Transparency International says Colombia’s fight against corruption is stagnating, after the country was ranked 78th of 178 countries in the organization’s 2010 Corruption Perceptions Index, a drop of three places from 2009.
The NGO’s index brings together a number of surveys of country experts and business leaders to provide a measure the perception of public sector corruption in each country, focusing on bribery, the payment of kickbacks, and embezzlement.
Colombia scores 3.5 in this year’s index, where 10 is “highly clean” and 0 is “highly corrupt,” a drop from its score of 3.7 in 2009. This is the lowest level since 2000, when the country scored 3.2.
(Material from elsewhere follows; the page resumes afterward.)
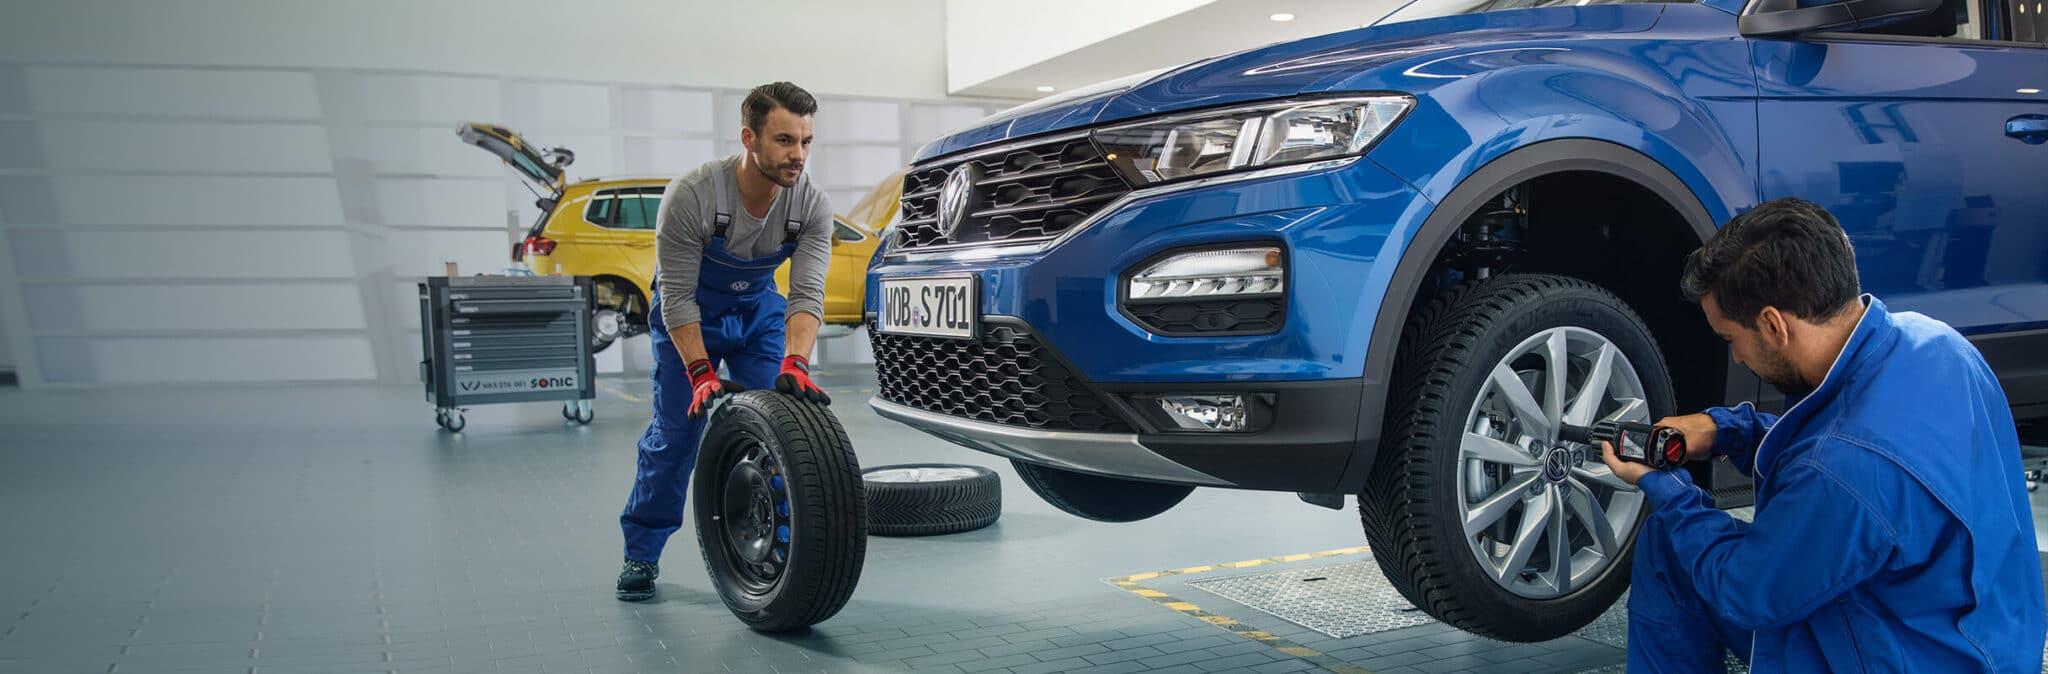 Promo Pneumatici Volkswagen
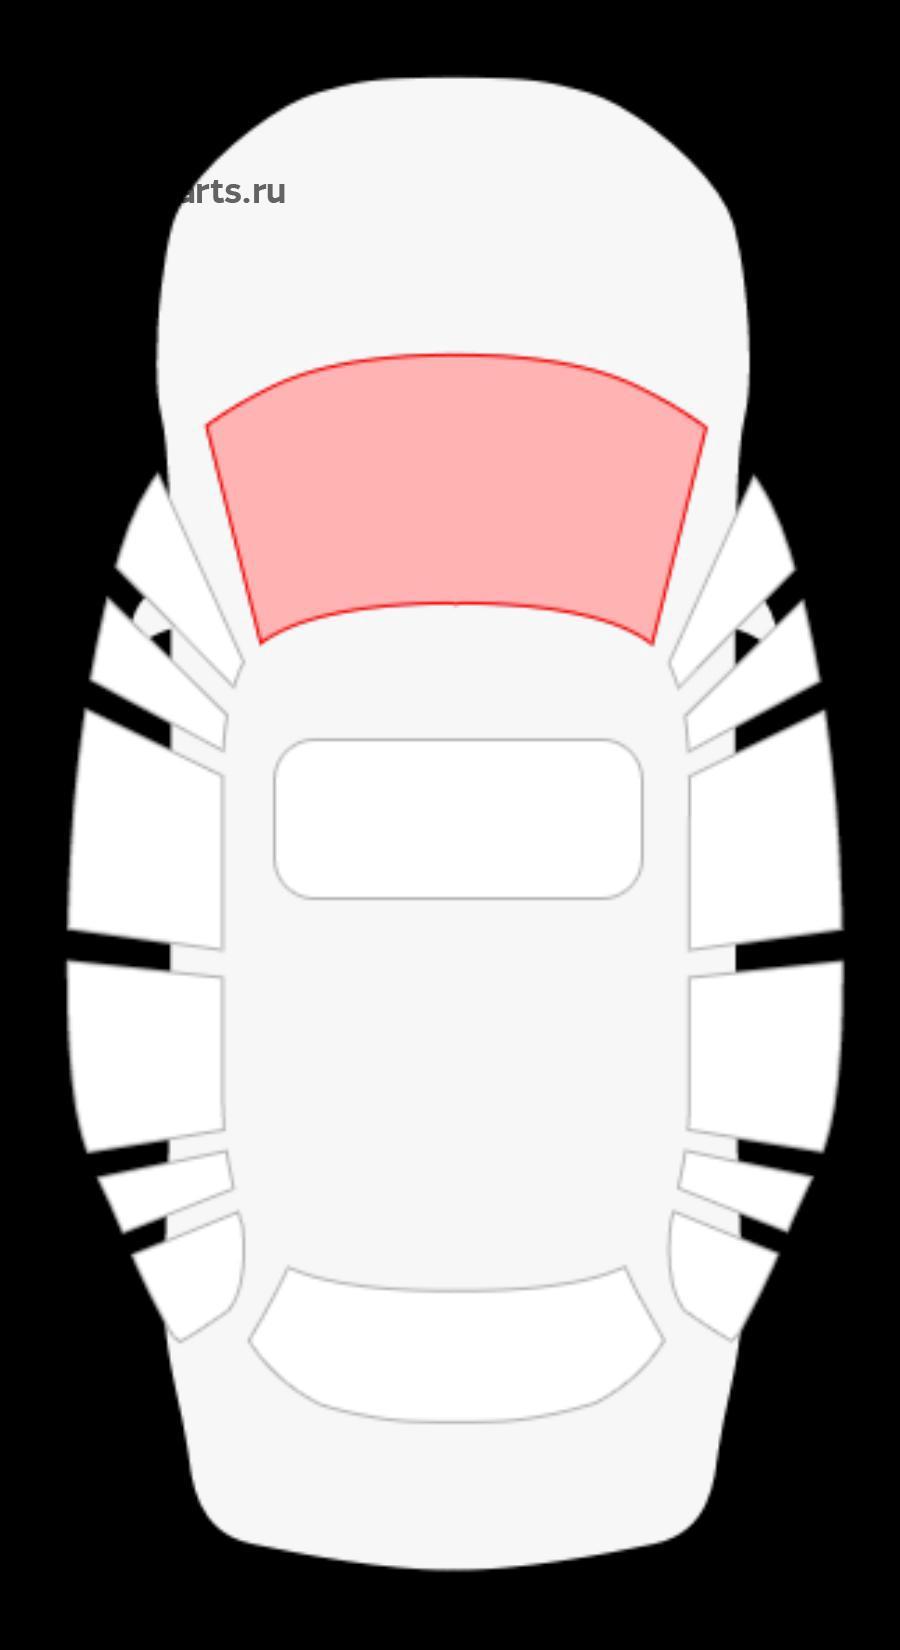 Toyota Passo II 5D Hbk / Daihatsu Boon 5D Hbk / Sirion 5D Hbk (без полосы)

In the last ten years the corruption perception score has hovered between 3.6 and 4.0, according to Transparencia por Colombia (TPC), the organization’s Colombia chapter.
TPC director Elisabeth Ungar said in a statement following the release of the report that the level of corruption in the country is critical; “It’s like having a permanent fever and not doing anything about it.”
Ungar referred to recent revelations about the alleged misallocation of government subsidies as the latest example of Colombia’s struggle with corruption.
The index “suggests that respondents perceive a high incidence of corruption in the country and a clear stagnation of efforts to combat it,” according to TPC. The branch calls on the Colombian government “to promote a public agenda to fight corruption, where social organizations, unions, political parties, media and public authorities assume their responsibility to prevent and tackle this problem.”
An anti-corruption bill proposed by President Juan Manuel Santos should only be considered as one part of the fight against corruption, according to Ungar. A more comprehensive government policy is needed, and should include instructions for civil society groups and the private sector as well as public bodies, the director says.
The 2010 index puts Barbados as the highest-ranking country in Latin America and the Caribbean, at 17th place on the overall list with a score of 7.8, followed by Chile with 7.2. Venezuela is the region’s lowest-ranked country, lower even than earthquake-hit Haiti, at 164th place on the list with a score of 2.
Colombia scored the same as neighboring Peru, but was ranked higher than neighboring Ecuador, which scored 2.5.
Denmark, New Zealand and Singapore jointly topped the list as the world’s least-corrupt countries, with a score of 9.3.
In last place was Somalia, with a score of 1.1.
Transparency International’s 2009 Global Corruption report concluded that the country’s “the collective reluctance to implement public and private anti-corruption measures is hurting business. In its 2007–2008 Global Competitiveness Report, the World Economic Forum found corruption to be the second most significant factor, after taxes, hampering business in Colombia.”
This year’s index is however a dramatic improvement from 1998, when Colombia scored only 2.2.